The goal of AI and the goal of what I do is not understanding human cognition, consciousness and so on. It is not replacing human tasks per se but rather mental amplification: the same way that physics through engineering has provided physical amplification to us so that we can use automobiles to travel faster than our muscles could, microphones to be heard farther than our lungs could power our voices. In AI we use computers as mental amplifiers so that we can perform tasks, be creative, have common sense better and more usefully in our lives than we otherwise could. The paper I am presenting here is a synthesis of three presentations squeezed together describing how artificial intelligence is able to produce programs to help with those three kinds of tasks.

Another important point I think worth making is the distinction that was made between initial states and laws of nature and, as Professor Wigner said, this is one of the great, miraculous insights of physics and science. To realize what physics should do or where its source of power comes we focus on the laws of nature. In a sense, this is a misleading miracle from the point of view of our goal in AI because if we analogize it too strongly it causes us to focus on inference mechanisms rather than on the starting knowledge base. As a result, we try to develop mathematical theories of consciousness and reasoning and thinking and worry about equations for consciousness and so forth. That type of work has not panned out in the last thirty years. I guess there are other similarly misleading miracles from religion in early AI. All of these are focusing on laws of nature, on inference mechanisms rather than on initial states or initial starting states of knowledge, although our experience has been that programs that try to be general problem solvers, that try to be short simple models of intelligence, turn out not to be particularly useful given the goal that I stated. One of the first useful programs, in that sense, was the Dendral program which was developed at Stanford around 1965. As most of you are probably familiar, Dendral took a chemical formula like C(28)(33)N and would type out a list of all possible three dimensional configurations that could have that formula, all the isomers of that compound. If you take a strict topological treatment of a problem in a typical case, there are about forty three million isomers, but, by talking to chemists and extracting their rules of thumb for what they saw as a plausible isomer, they were able to put in knowledge about chemical topology and fundamental first principles of chemistry, and, in many cases, reduced the number of candidates that were considered. What these experiences lead us to do is to focus not on the inference mechanism but on the knowledge base.

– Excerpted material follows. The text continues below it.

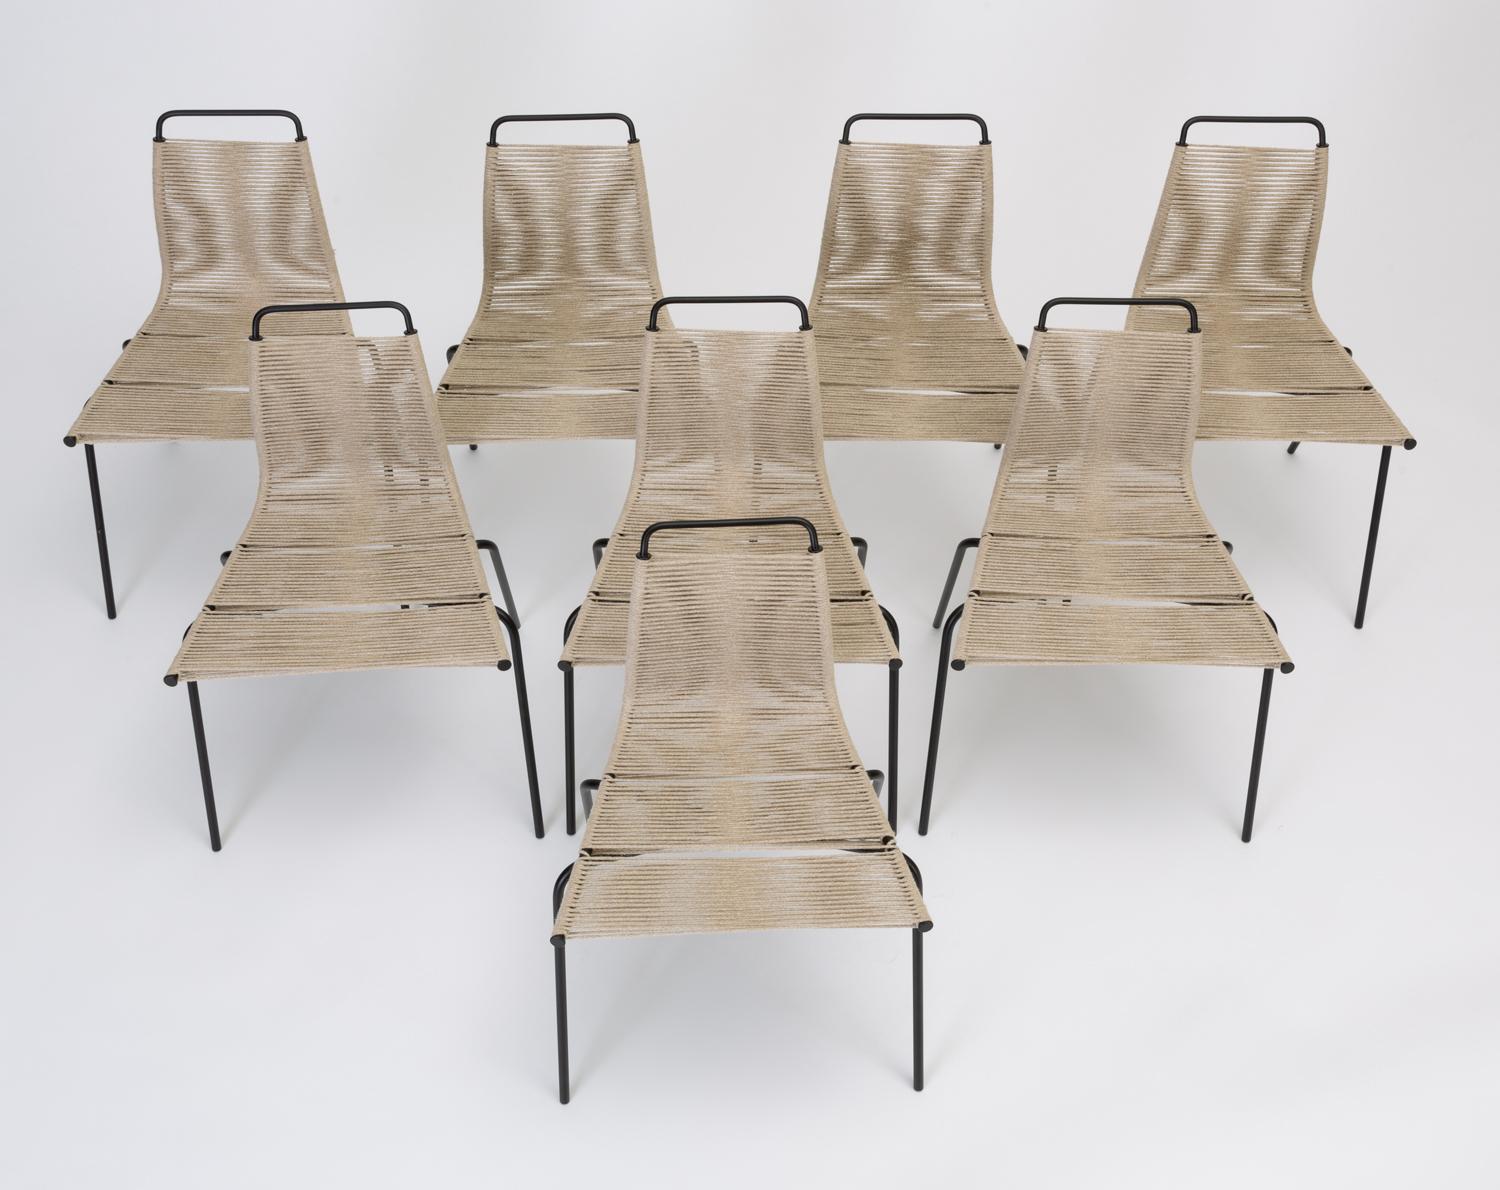 A set of eight dining chairs designed by Poul Kjærholm for E. Kold Christensen in 1955. Originally, the series PK-1, -2, and -3 referenced a complete line of steel-frame chairs with the seat material indicated by the model number (1 is done in
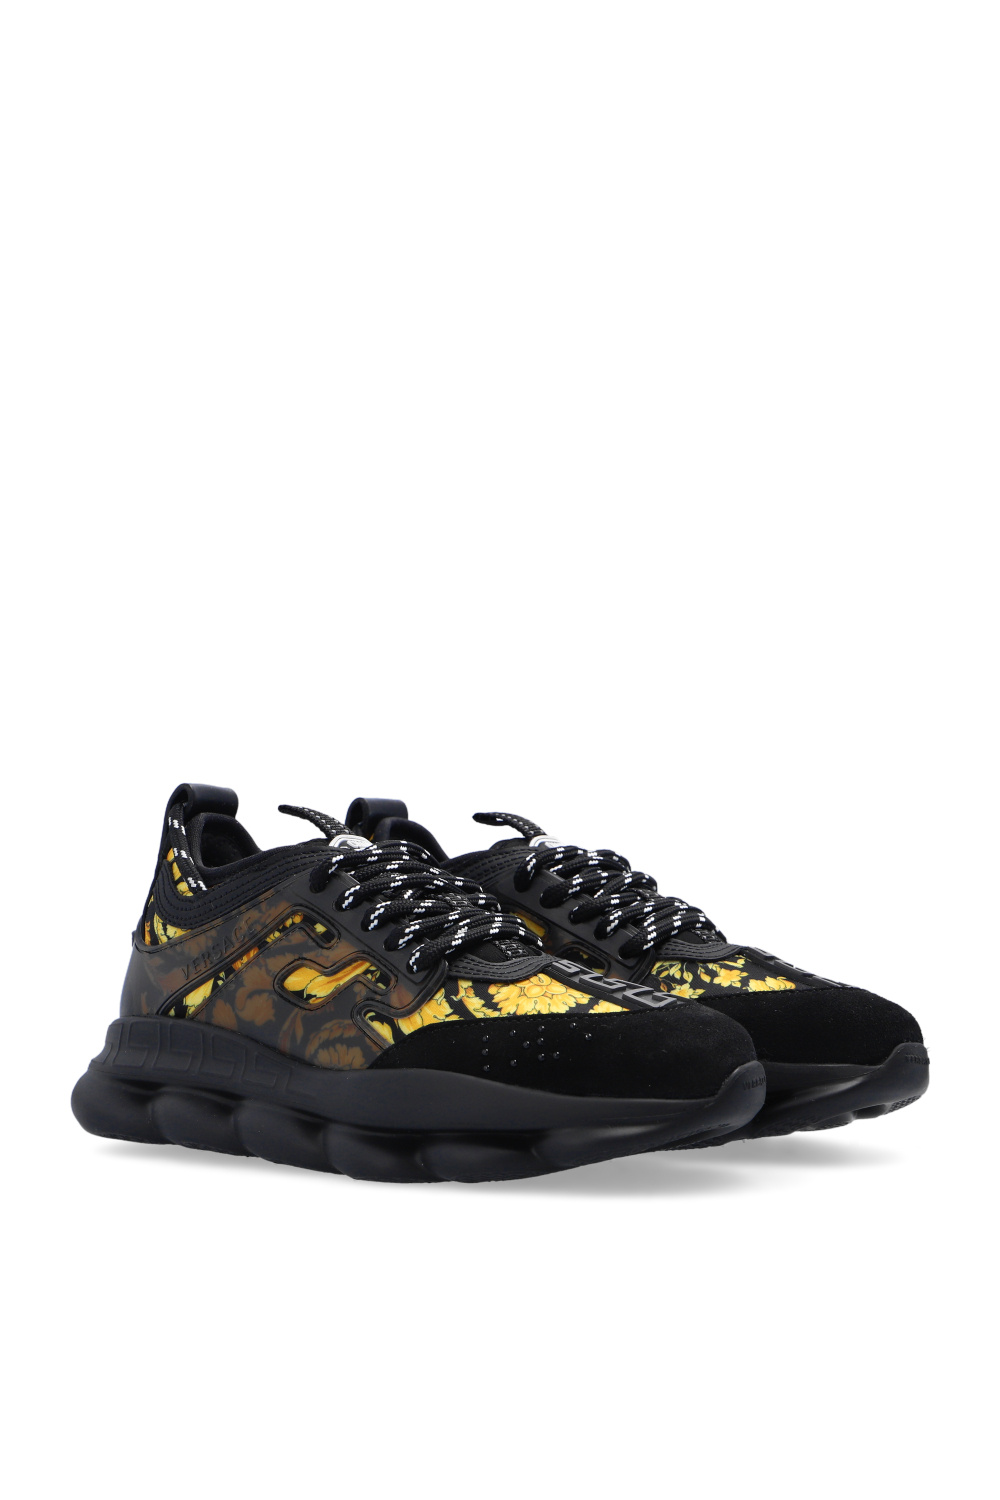 Versace Chain Reaction Sneakers black /white / brown size 37

Typically, in all these expert systems, performance programs act as collections of rules. Take the Mycin medical diagnosis program or the XCON system that DEC uses to configure orders. The reason for programming these as IF-THEN rules is basically this: if you talk to an expert about how to solve some problem like, how the monkey should get the bananas, they say, well, the monkey gets off the box and pulls it over and climbs back on the box and reaches up and grabs the bananas and pulls. If you're not careful you will believe what they say and you will build some finely tuned expert program that does just what they say. A hundred thousand lines of Fortran or so. Then you try it out and it doesn't quite work and they say, "Oh yes, well there's one thing I forgot to tell you," and they say, "But it's not going to work now. There was just one more thing I wanted to tell you." What that kind of experience has led to, after a lot of pain, is a methodology of expert system rules: namely, taking a prototype system, getting it running as fast as possible, talking to the expert, and in case after case, where the system breaks down/gets the wrong answer, asking the expert what's wrong in this case, getting a new rule, adding it to the system, and incrementally approaching competence. There is still a long way to go in expert systems. There is a lot of types of knowledge we do not know how to represent for example, including causality. I will not go into expert systems in much more detail. They are covered in all the leading magazines these days.

What are the bottlenecks in building expert systems? There seem to be two bottlenecks. One is what we might consider to be the knowledge-acquisition bottleneck, which says it takes a long time to get knowledge from the heads of experts into a usable form in the machine. In almost every case so far, the successful building of an expert system has required the mediation of a human knowledge engineer sitting at that bottleneck, interfacing between the experts and the growing expert system. We do not really understand knowledge engineering despite the fact that it is called engineering. It is really a lot more like an art. The only way we have really been able to communicate this skill of being a knowledge engineer has been mostly practicing the guild system of the Middle Ages, getting people involved in building expert systems for several years and then having them simply pick up, on their own, the necessary skills and go off and build systems from then on. So, there are very few knowledge engineers in the world. Perhaps twenty or thirty and another few come out each year whereas, as you can tell from the popular press, the demand for them and the need for them is perhaps three or four times larger.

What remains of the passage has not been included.